The US Dollar has rallied by more than 50% against the Rand since 2011 and a sustained move below the 200-day MA would be required to question medium-term potential for additional strength. To a certain extent, the stock market has been sheltered from currency weakness by the fact that the foreign affiliates of major multinationals have such a high weighting on the JSE. For example BHP Billiton, British American Tobacco, SAB Miller and Richemont are the four largest weighting on the Johannesburg All Share and represent 42% of its market cap. Barclays, Vodafone and Mondi also represent significant weightings. In local currency terms, the Index has been consolidating mostly above the 200-day MA since February and a sustained move below it would be required to question medium=term upside potential. In US Dollar terms, the Index has been rangebound since 2011.

The US Dollar bottomed against the Indonesian Rupiah in 2011 and has found support in the region of the 200-day MA on successive occasions since. While somewhat overbought in the very short-term, a sustained move below the trend mean would be required to begin to question medium-term US Dollar dominance. The Jakarta Composite has been ranging in the region of the MA since late June, but it will need to continue to hold above those lows if the benefit of the doubt is to be given to the medium-term uptrend. In US Dollar terms, the Index continues to extend its decline back into the underlying range.

Turkey has made headlines as a gateway to the Middle East over the last decade but this has not stemmed the decline of the Lira which remains on a medium-term downward trajectory. A break in the US Dollar's progression of higher reaction lows would be required to begin to question the consistency of its advance. Following a steep decline, the National 100 Index has been ranging below the 200-day MA for the last six weeks.

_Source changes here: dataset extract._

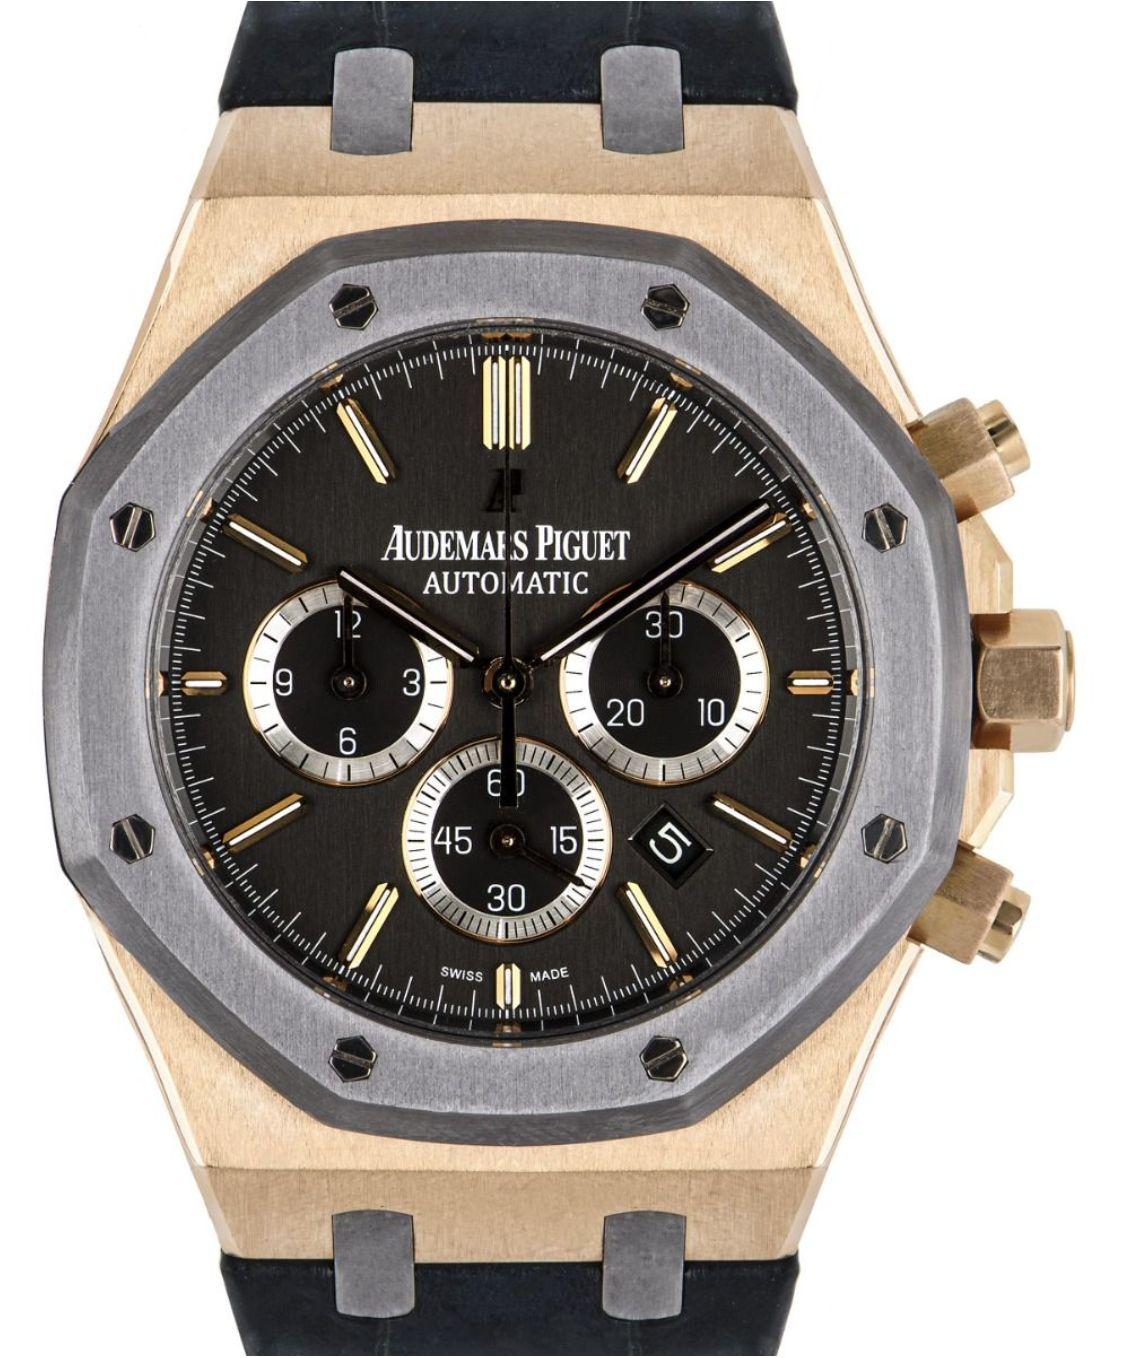 A limited edition Royal Oak Chronograph Leo Messi in rose gold by Audemars Piguet. Featuring a satin brushed anthracite dial with a date display and three chronograph counters. The iconic eight screws feature on the tantalum bezel.

An Audemars

A sustained move back above 80,000 will be required to question the medium-term downward bias. The US Dollar denominated Index has a relatively similar pattern.

By contrasting the local currency and US Dollar charts for the above countries we can deduce that currency movements are likely to play a much more important role over the next number of years than they have over the last decade. Additionally, the relative strength of the US Dollar has undoubtedly played a part in Wall Street's outperformance this year.